Confcommercio, a settembre andamento lento dei consumi

Il calo dello 0,1% deriva da una stabilità della domanda relativa ai servizi e da un lieve ridimensionamento della domanda dei beni (-0,1%)

ROMA - L'indicatore dei consumi di Confcommercio (Icc) registra a settembre un calo dello 0,1% rispetto ad agosto e una crescita dell'1,9% tendenziale. La stima per il mese di agosto è rivista al rialzo da -0,3% a -0,1% rispetto a luglio. In media mobile a tre mesi la tendenza resta orientata al miglioramento. Il dato congiunturale, spiega Confcommercio, si inserisce in un contesto in cui la ripresa stenta ad assumere maggiore dinamicità. Le famiglie, seppure orientate all'ottimismo, continuano a essere vincolate da dinamiche reddituali in crescita contenuta.

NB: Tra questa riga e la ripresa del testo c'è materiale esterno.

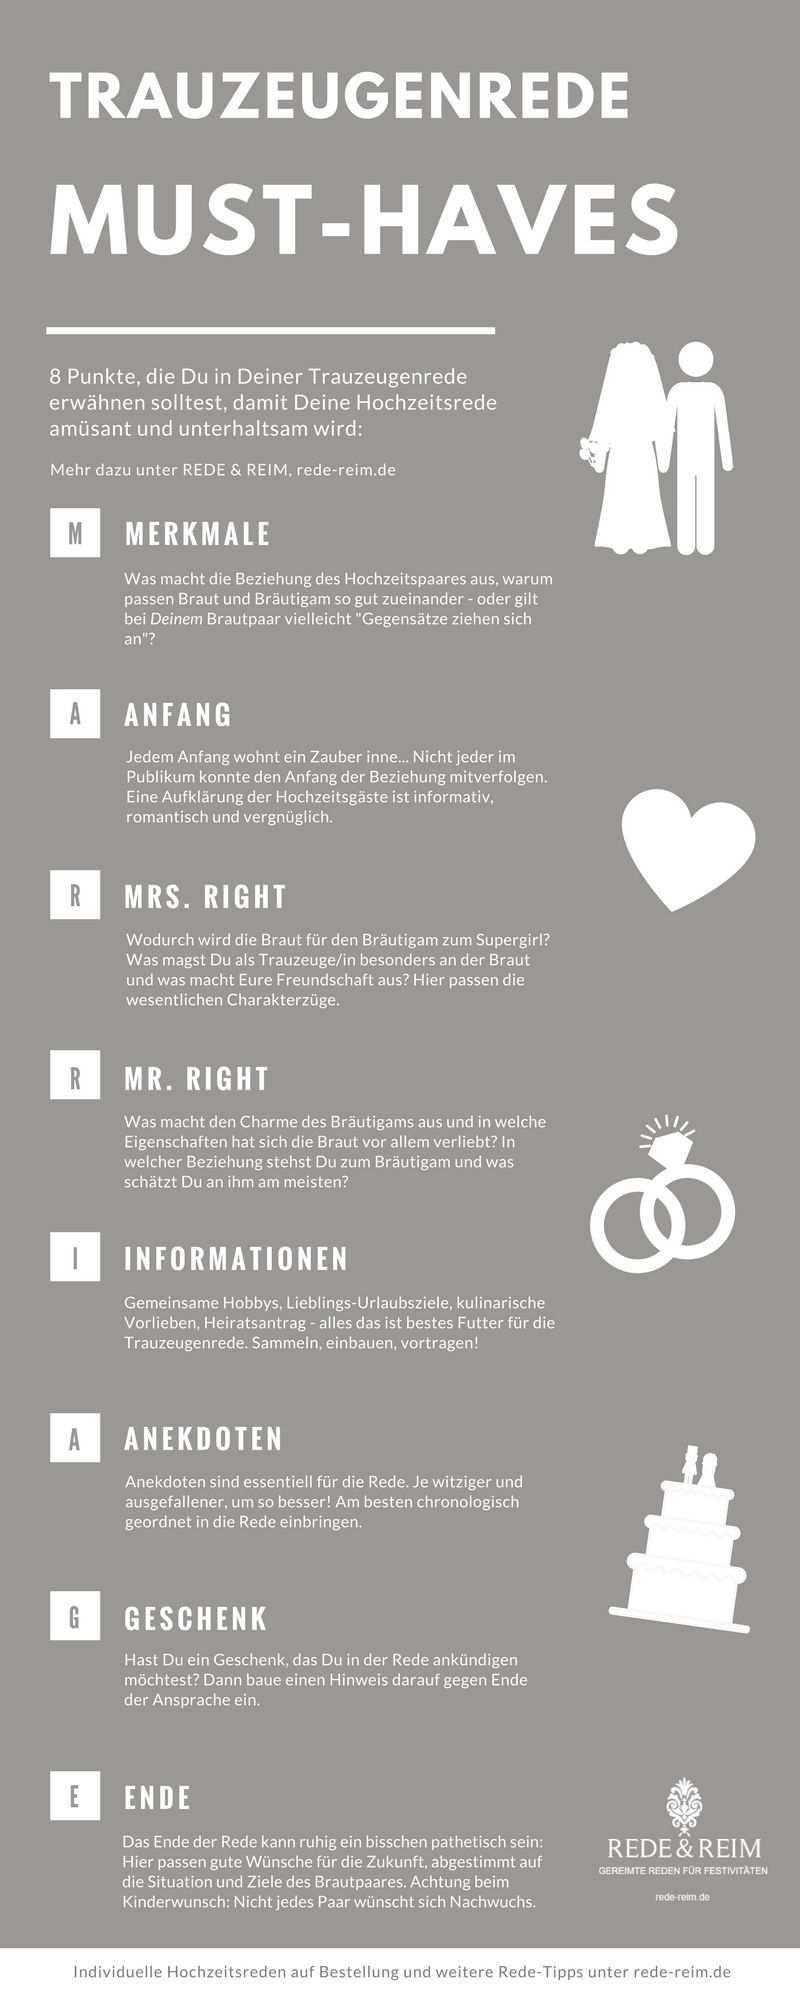 8 Punkte Die Sie In Ihrer Trauzeugenrede Erwahnen Sollten Rede Reim Trauzeugin Hochzeit Rede Hochzeit Trauzeugin Ideen
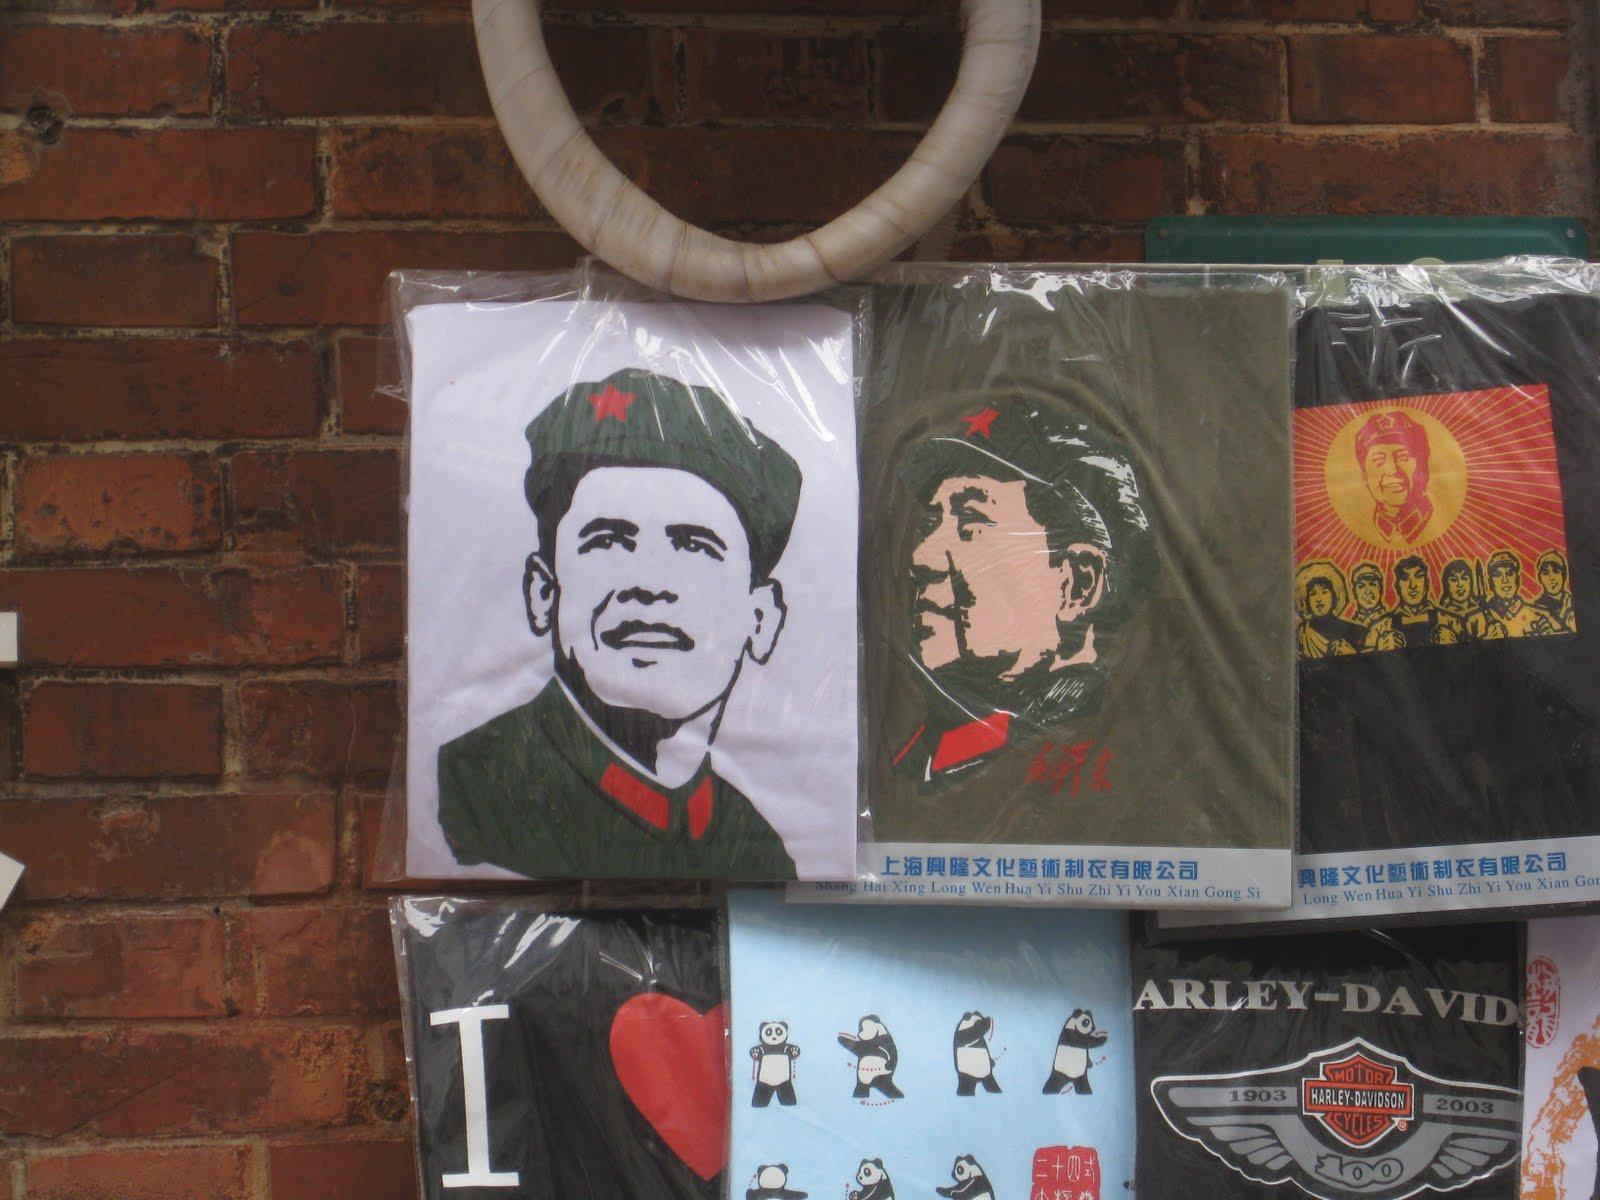 http://3.bp.blogspot.com/-avL3MlGlFyM/TjgT87kqquI/AAAAAAAAAiw/Um2VkvbvdB0/s1600/Maobama+T-shirt.JPG

Cresce la fiducia delle imprese
Le imprese hanno evidenziato, a ottobre, una crescita della fiducia a cui hanno contribuito le aspettative positive soprattutto da parte degli operatori del commercio, mentre nel manifatturiero e nei servizi di mercato il miglioramento dei giudizi è stato modesto. Solo gli imprenditori delle costruzioni segnalano un peggioramento dei clima di fiducia. A questo miglioramento complessivo del sentimenti si associa un'evoluzione positiva della produzione. Stando alle stime elaborate da Confindustria, anche ad ottobre è proseguita la fase di recupero dei livelli produttivi (+0,2% sul mese precedente). La tendenza, come emerge dagli ordini (+0,6% a ottobre rispetto a settembre), dovrebbe proseguire anche nei mesi finali del 2015.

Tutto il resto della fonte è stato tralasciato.